In caso di sovradosaggio acuto, è necessario considerare la possibilità che siano coinvolti più farmaci.
 
Trattamento
Stabilire e mantenere la pervietà delle vie respiratorie e assicurare un’adeguata ossigenazione e ventilazione. Considerare la somministrazione di carbone attivo insieme ad un lassativo solo quando il farmaco è stato assunto da non più di un’ora. Occorre iniziare immediatamente il monitoraggio cardiovascolare che deve includere un monitoraggio elettrocardiografico continuo, per individuare possibili aritmie.

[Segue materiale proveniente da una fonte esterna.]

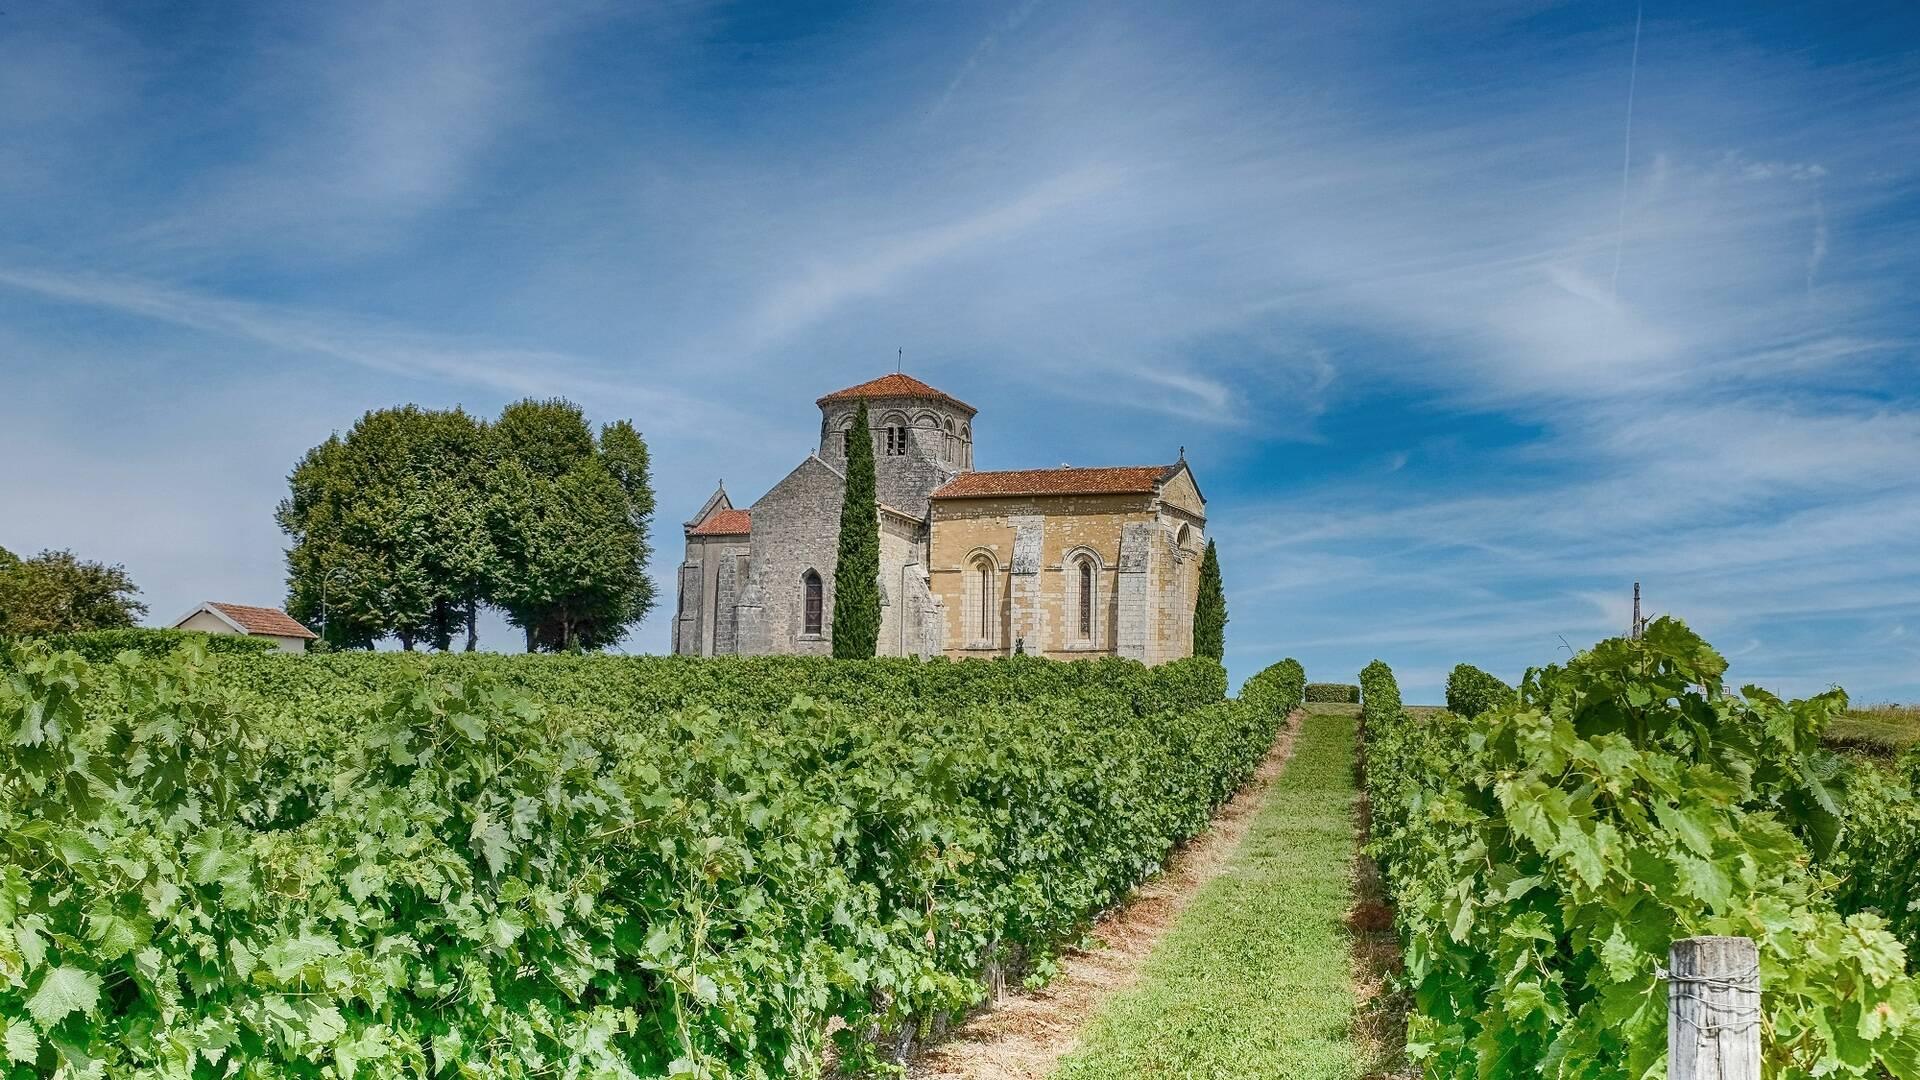 Eglise romane dans le vignoble du cognac - ©Shutterstock

Non esiste un antidoto specifico a Risperdal. Pertanto, devono essere istituite appropriate misure generali di supporto. L’ipotensione e il collasso circolatorio devono essere trattati con misure appropriate, quali liquidi ev e/o agenti simpaticomimetici. In caso di sintomi extra-piramidali gravi, occorre somministrare un farmaco anticolinergico. Proseguire un attento monitoraggio e una supervisione clinica fino al ristabilimento del paziente.

Gravidanza e Allattamento

Dai dati disponibili sugli esseri umani, è noto che l'impiego prolungato di medicinali antipsicotici fino al parto può indurre disturbi extrapiramidali e sintomi da astinenza nel neonato; il farmaco deve essere assunto durante la gravidanza solo se chiaramente indicato e in seguito a un'attenta valutazione dei rischi e dei benefici clinici. Risperidone e il suo metabolita attivo 9-idrossi-risperidone sono escreti nel latte materno in misura tale da non poter escludere effetti sul lattante; quindi, le donne che assumono questo medicinale non devono allattare.